WHAT THIS TASK INVOLVES –
A faithful copy of all the data is required; pictures should not be included.

INFORMATION SUPPLIED –
┌──

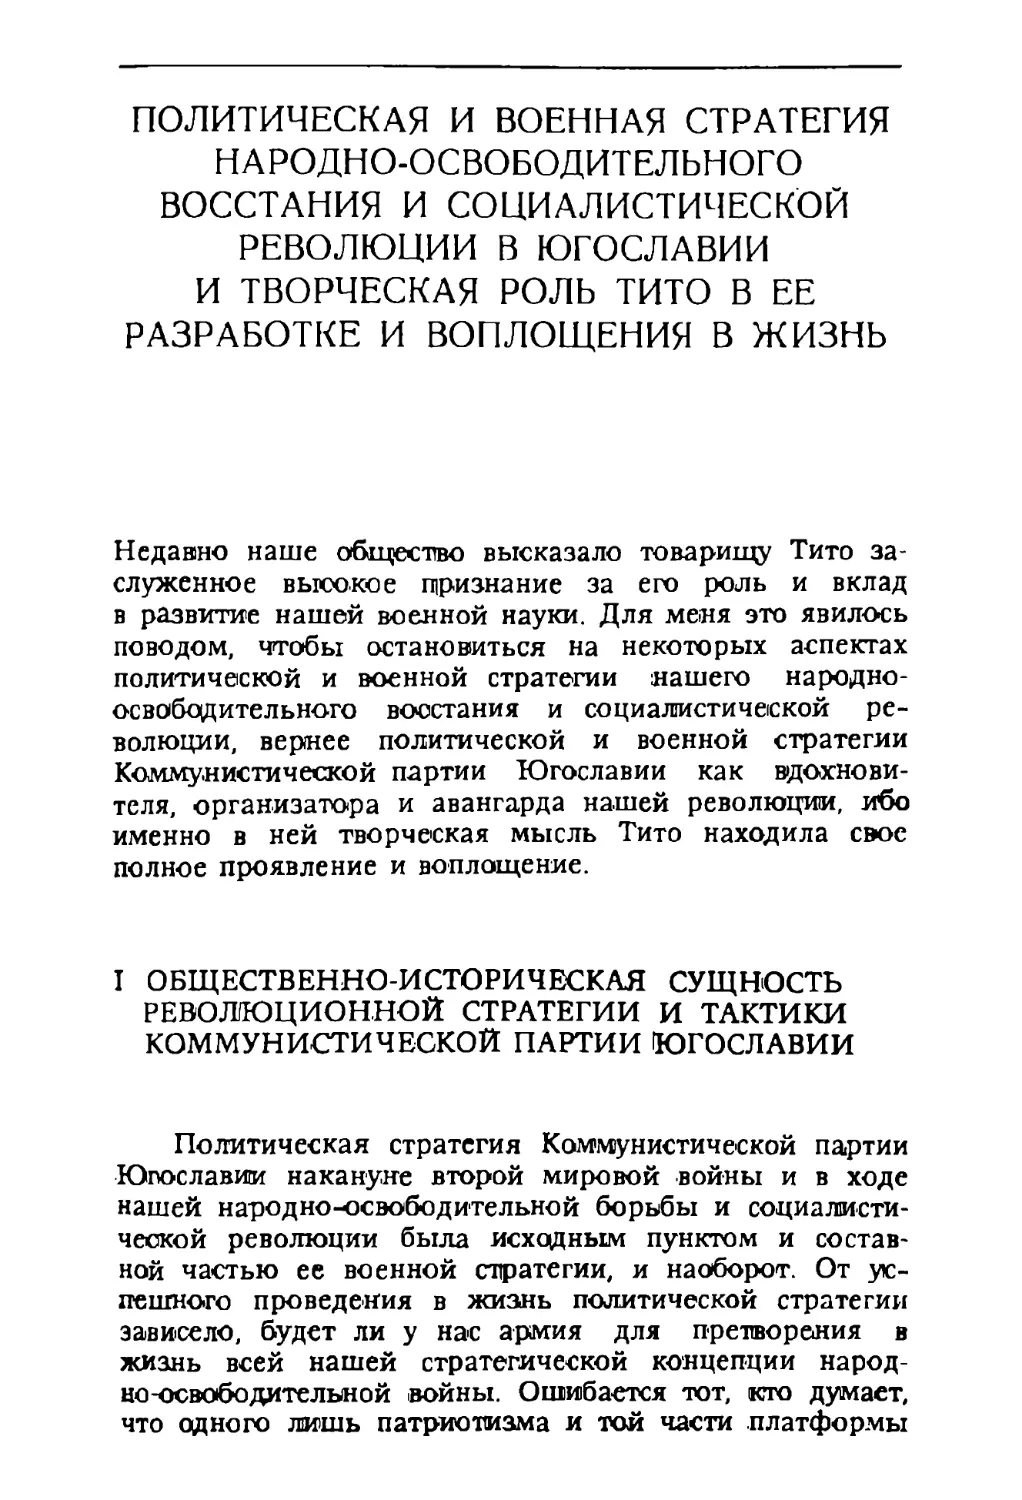 I. Общественно-историческая сущность революционной стратегии и тактики Комунистической партии Югославии
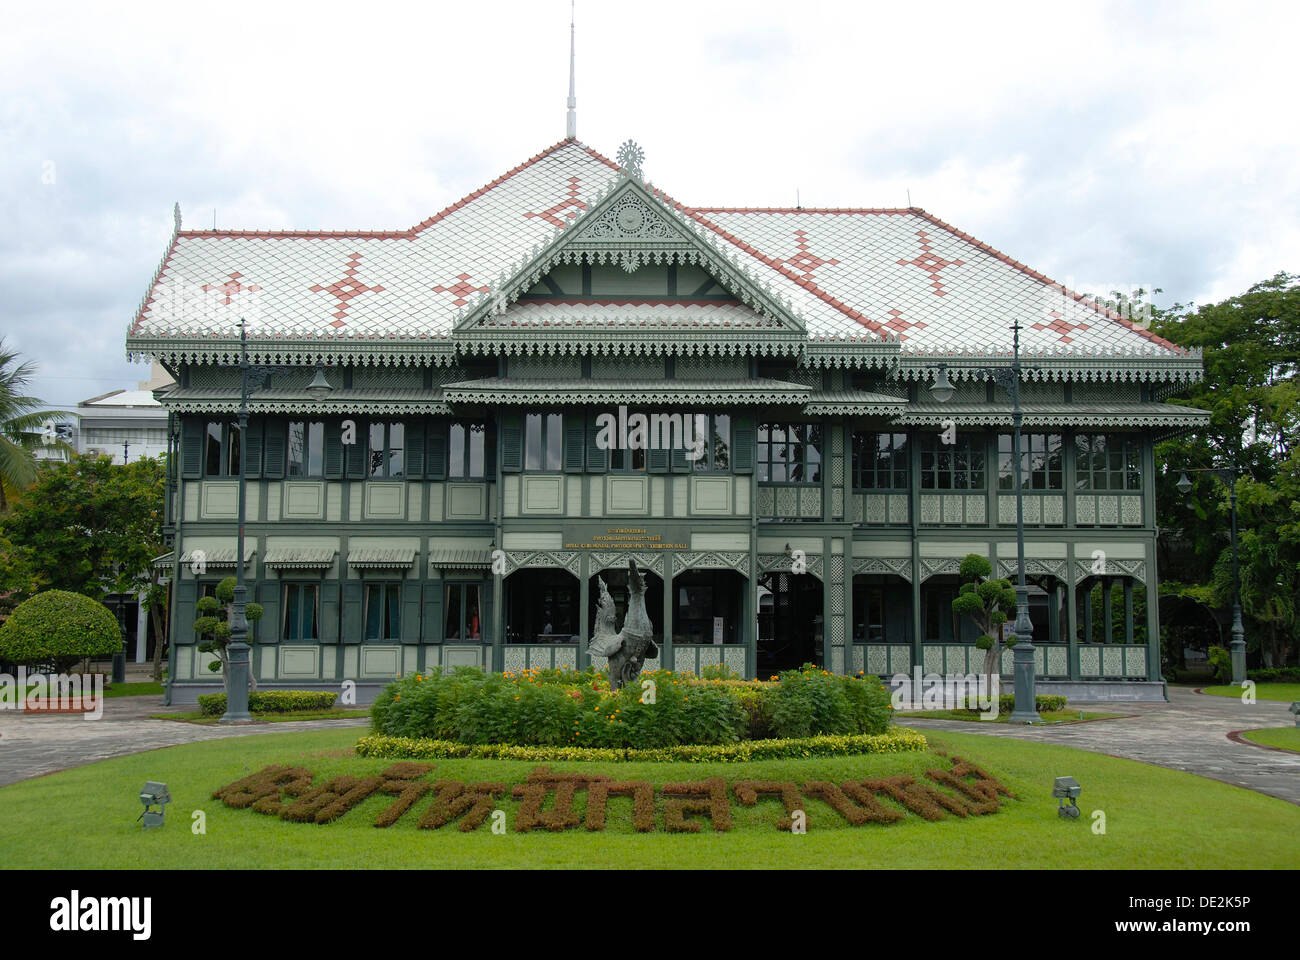 History, historic wooden royal buildings, Suan Hong Residence, Vimanmek Palace, Phra Ratchawang Dusit, Bangkok, Thailand Stock Photo
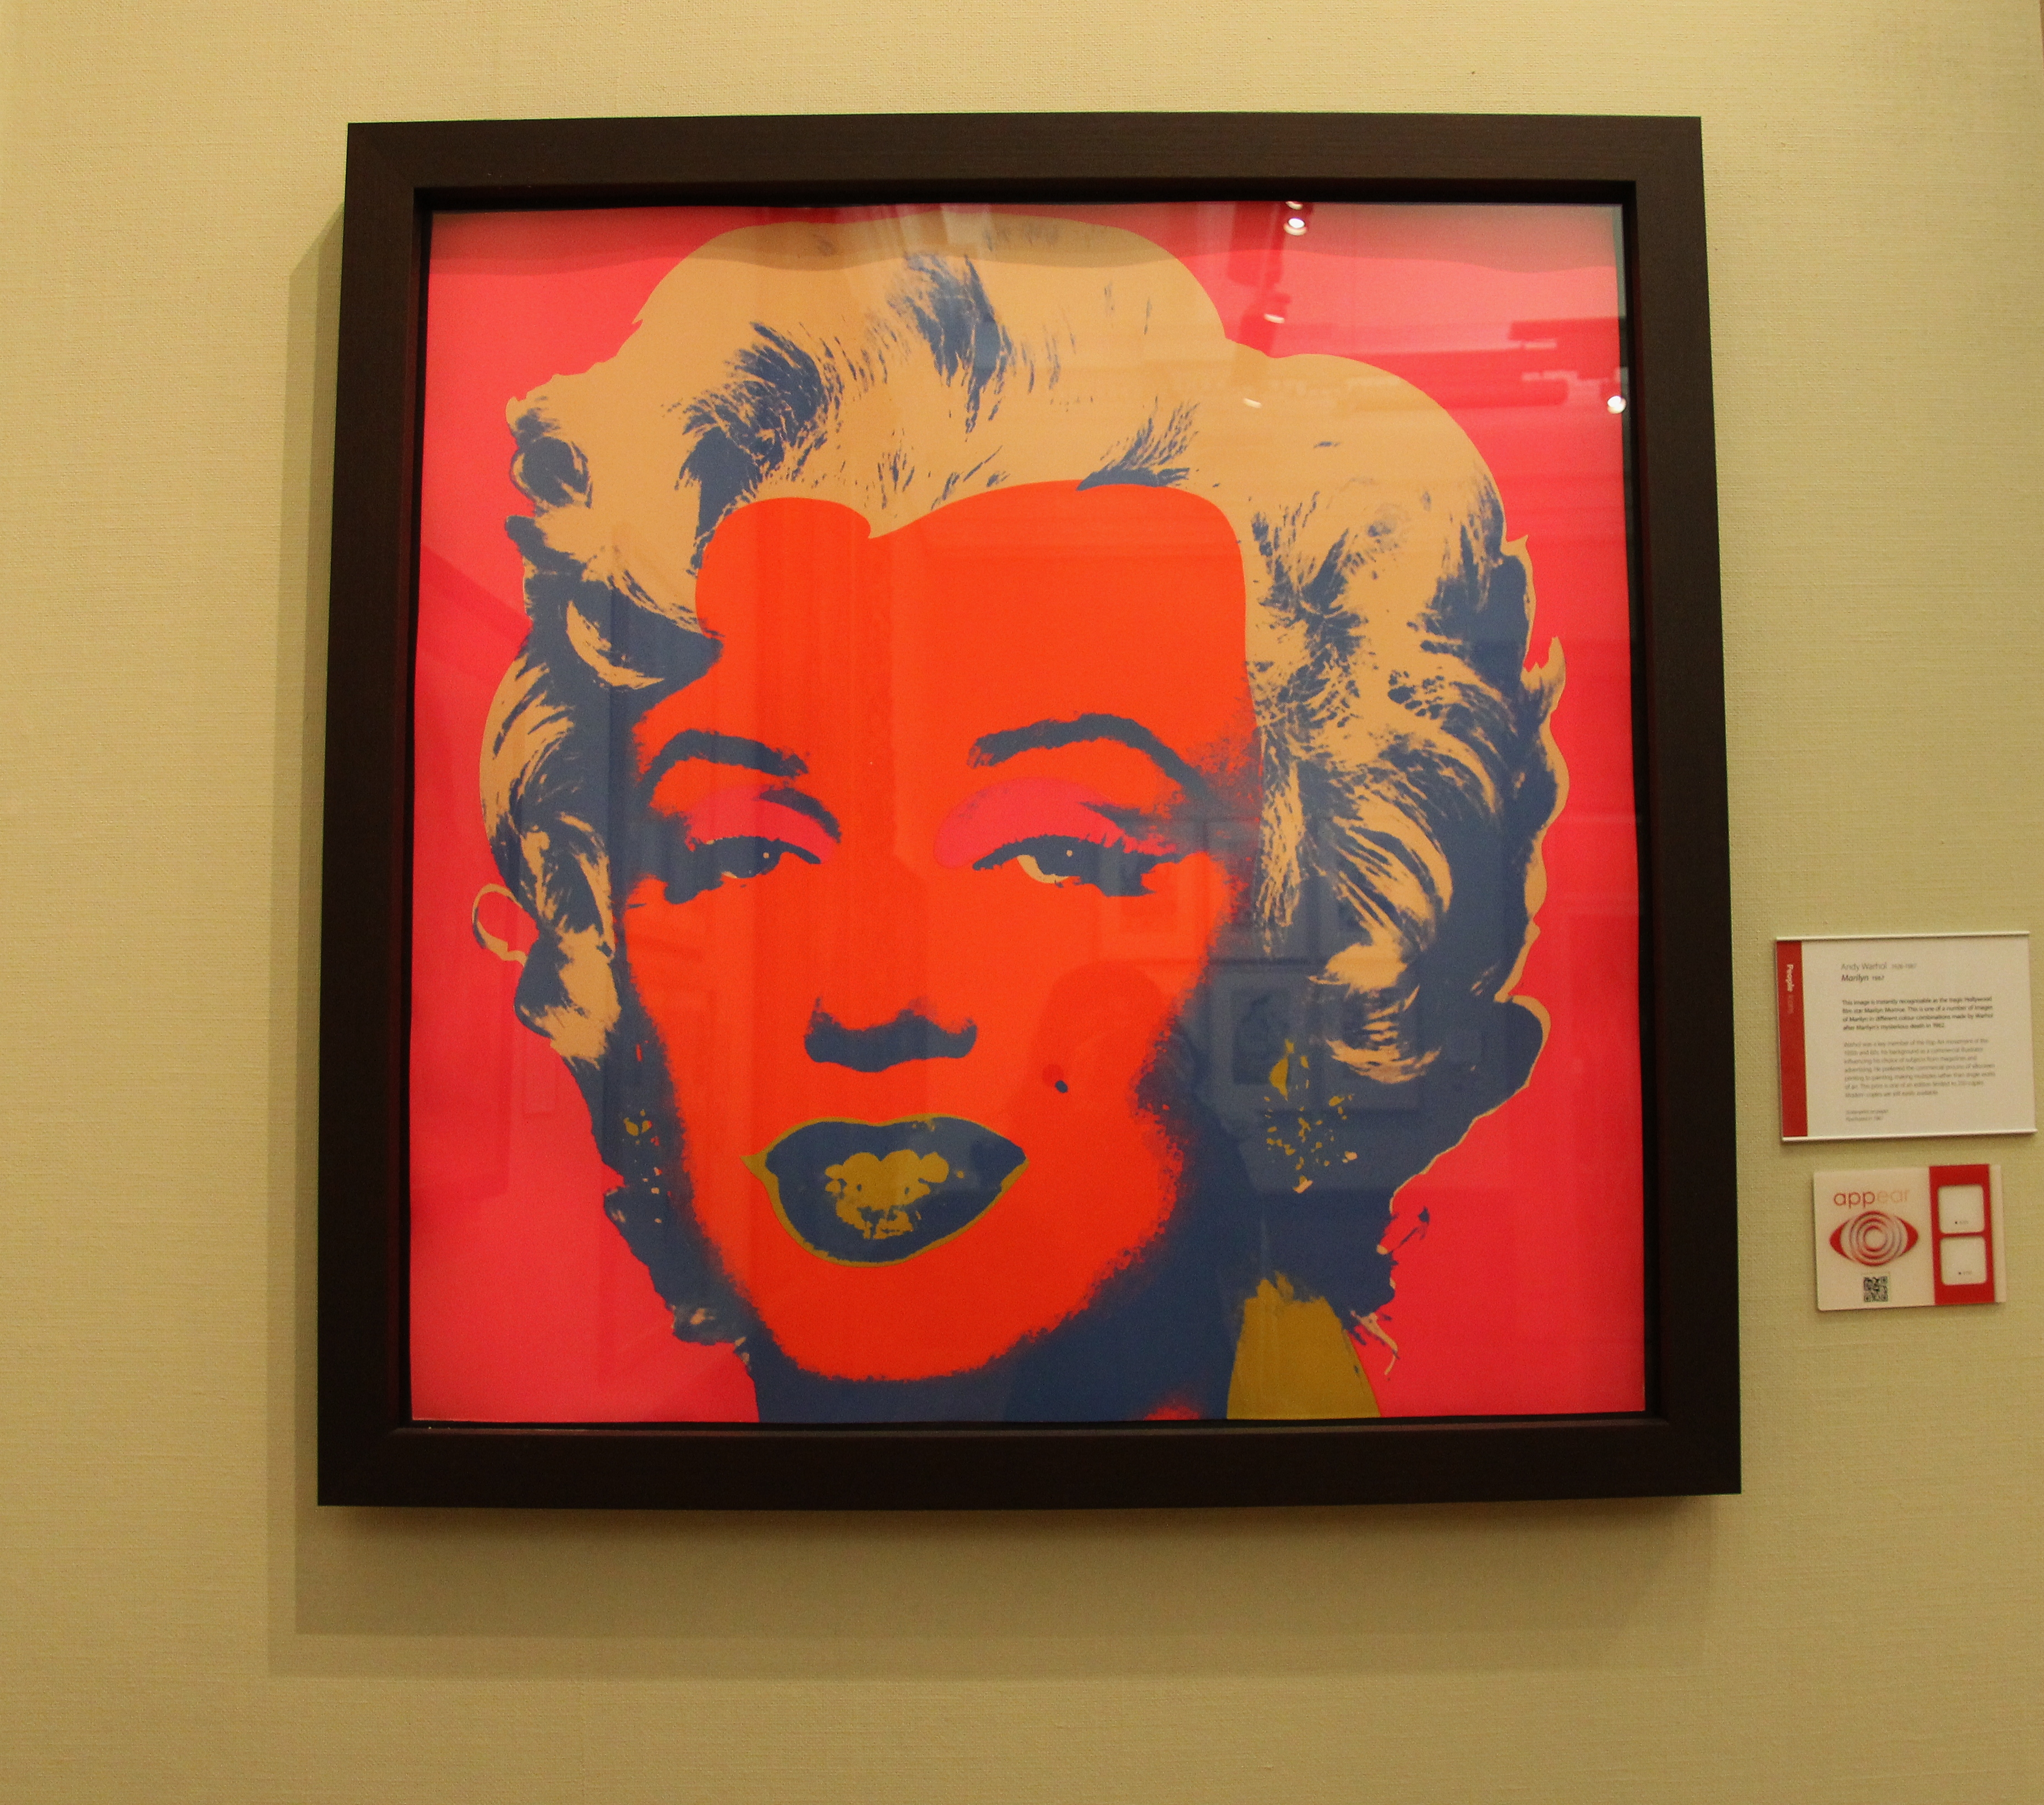 Andy Warhol, Marilyn Monroe, UK, art museum

└──

RESULT FOR THIS TASK –
 I. Общественно-историческая сущность революционной стратегии и тактики Комунистической партии Югославии
 History, historic wooden royal buildings, Suan Hong Residence, Vimanmek Palace, Phra Ratchawang Dusit, Bangkok, Thailand Stock Photo
 Andy Warhol, Marilyn Monroe, UK, art museum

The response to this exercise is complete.